The press release the Ratepayers quote was sent out earlier in the day by Councillor Michelle Wasserman on behalf of the seven councillors. It gives the following reasons for the MONC in the current Knysna Mayor.

1. The Democratic Alliance’s 2016 Manifesto set out the DA’s plan and promise of what DA-run local governments would deliver. Despite repeated requests from the caucus that he do so, Cllr Willemse has not made any effort to use the DA manifesto as a basis for prioritisation and planning for Knysna Municipality.
2. Cllr Willemse has not shown political leadership and is not providing strategic direction to Knysna Municipality’s administration. Consequence management has also not been implemented during his tenure as Executive Mayor.
3. Cllr Willemse has lost credibility amongst councillors, officials and members of the public who perceive him as being unable to make his own decisions and being “remote controlled” by Cllr Peter Myers.
4. Cllr Willemse does not take the concerns and advice of members of the DA caucus (other than Cllr Peter Myers) seriously and has repeatedly either neglected to bring matters to the caucus or ignored the needs of the community that are brought to the table by members of the DA caucus. One of the most recent examples of this was our request to Cllr Willemse to timeously consult with communities regarding the installation of water meters. This request was ignored and the result was the service delivery protests which closed the N2 and negatively affected the whole town.
5. On 6 June 2018 Cllr Willemse, together with the ANC, voted out the approved DA Mayor. He then accepted the nomination for the position of Executive Mayor despite not being properly approved by the DA to do so and was voted into that position by the ANC.
6. In September 2018 Cllr Willemse participated in the Democratic Alliance’s selection process for the position of Executive Mayor for Knysna Municipality. Despite participating in the process, he elected to reject its outcome when he was not chosen as the successful candidate.
The release continues:
The decisions to request Cllr Willemse to resign and to submit a MONC against him were made by the seven of us personally and are not the result of any instruction from the leadership structures of the DA. We have, in terms of the DA’s Federal Constitution, requested that the DA’s Federal Executive approve our MONC and we await its response.
There is an argument circulating on social media that Cllr Willemse “followed his voters’ mandate” when he voted with the ANC to oust DA Executive Mayor, former Cllr Bouw-Spies, and accept the position of Executive Mayor.
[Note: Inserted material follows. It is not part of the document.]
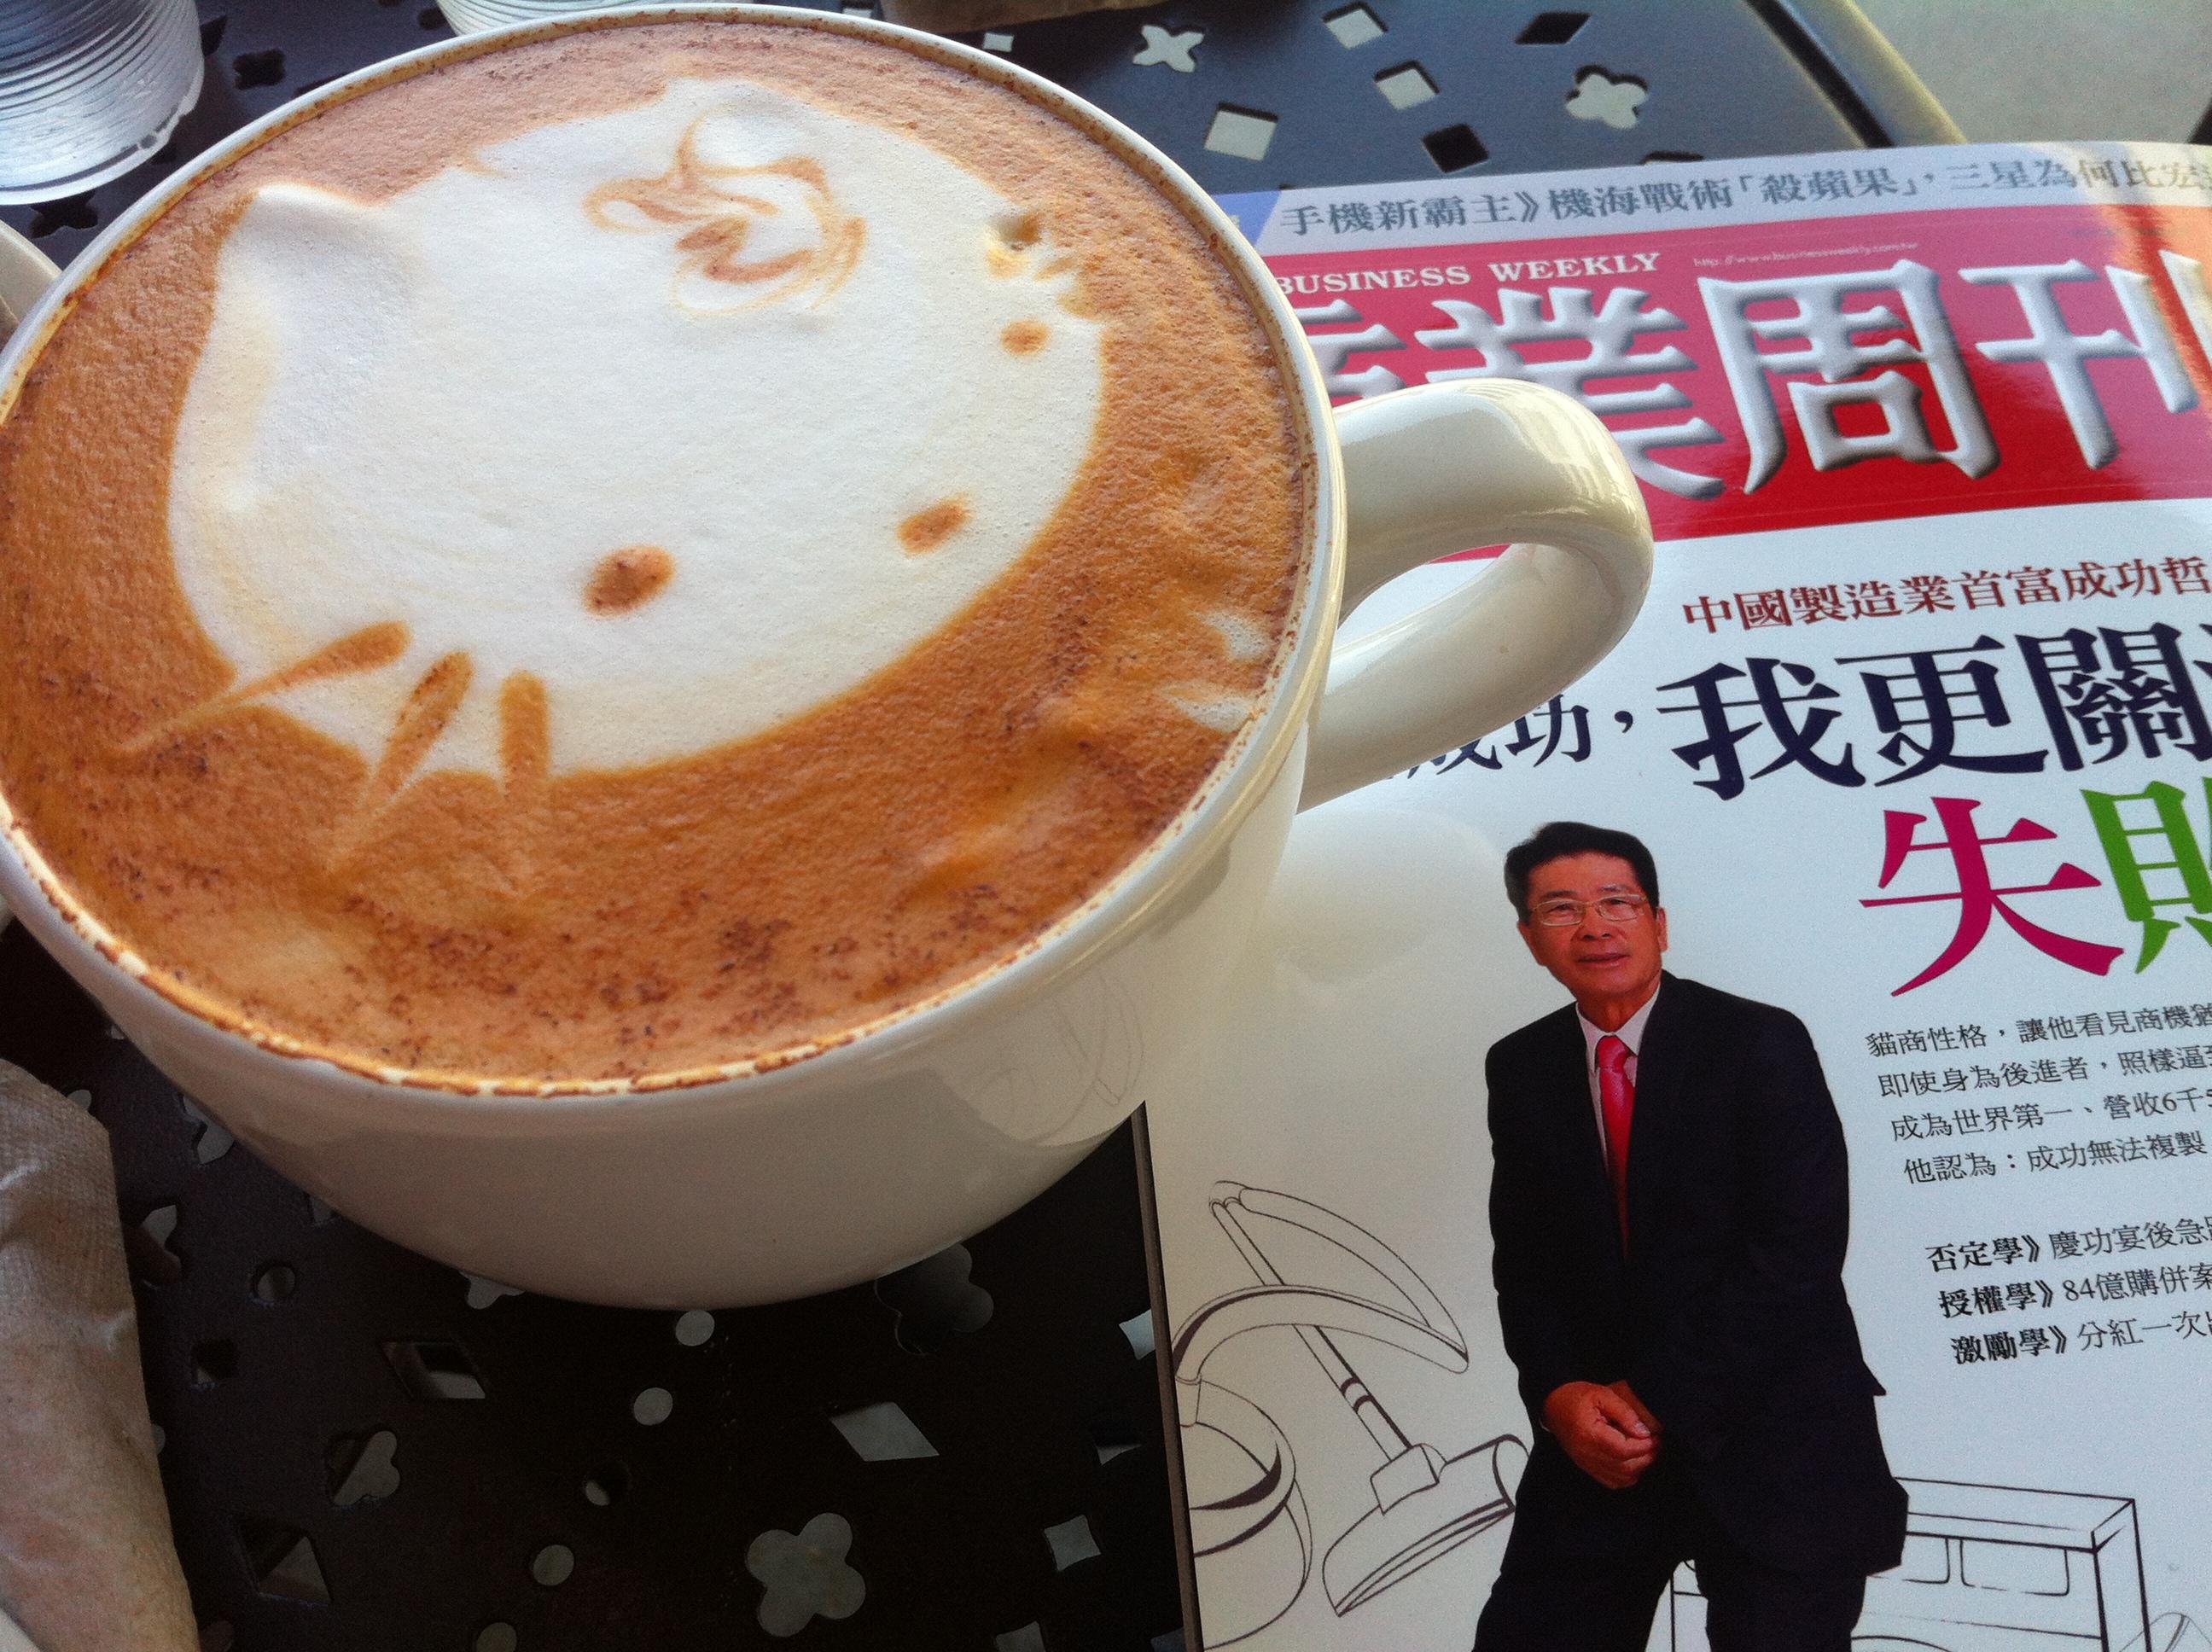 Urth Caffe | DTLA

This argument is manifestly unsound. How was this mandate given when hardly any of the residents of his ward were aware of what was happening until after it had happened?
DA Mayors are required to implement the local government manifesto of the DA. In practice, this means that the Mayor must ensure that DA policies and the manifesto inform municipal policies and budgets through the IDP and budget process plan. Cllr Willemse makes no secret of the fact that he does not, and will not, take direction from the DA manifesto. This means that what people voted for in 2016 is not what they are getting.
Knysna residents might feel that they do not care if Cllr Willemse implements the DA manifesto or not, as long as his planning and prioritisation is in the best interests of the town. Therein lies a second problem: if Cllr Willemse has a plan of his own then we, members of his caucus, are not aware of it.
We have seen the petition initiated by local residents against our MONC which states that “after many years of neglecting our Knysna Town, Cllr Willemse got things going again”. We question what Cllr Willemse has done to “get things going again”. The projects which are currently rolling out, for example the Charlesford Scheme and the Knysna CBD upgrade were initiated prior to Cllr Willemse’s tenure.
What role has Cllr Willemse played in implementing the projects identified by the Garden Route Rebuild Initiative (GRRI)? When we asked Cllr Willemse if anyone in the municipality was taking responsibility for ensuring the implementation of the GRRI projects, specifically the revival of the Choo Tjoe steam train (which is vital for tourism as well as the reduction of exorbitant waste transportation costs) and the building of a by-pass, he did not know.
Seven out of the nine DA councillors have decided that we cannot allow this situation to continue. We anticipate that Cllrs Willemse and Myers will join hands with the party that voted them into power and this will mean that Knysna Municipality may soon be governed by the ANC. But the truth of the matter, if you look at the facts, is that Knysna Municipality has not been governed by the Democratic Alliance since 6 June 2018.
The Mayor himself has responded in detail to Wasserman’s press release – see his statement on page 3.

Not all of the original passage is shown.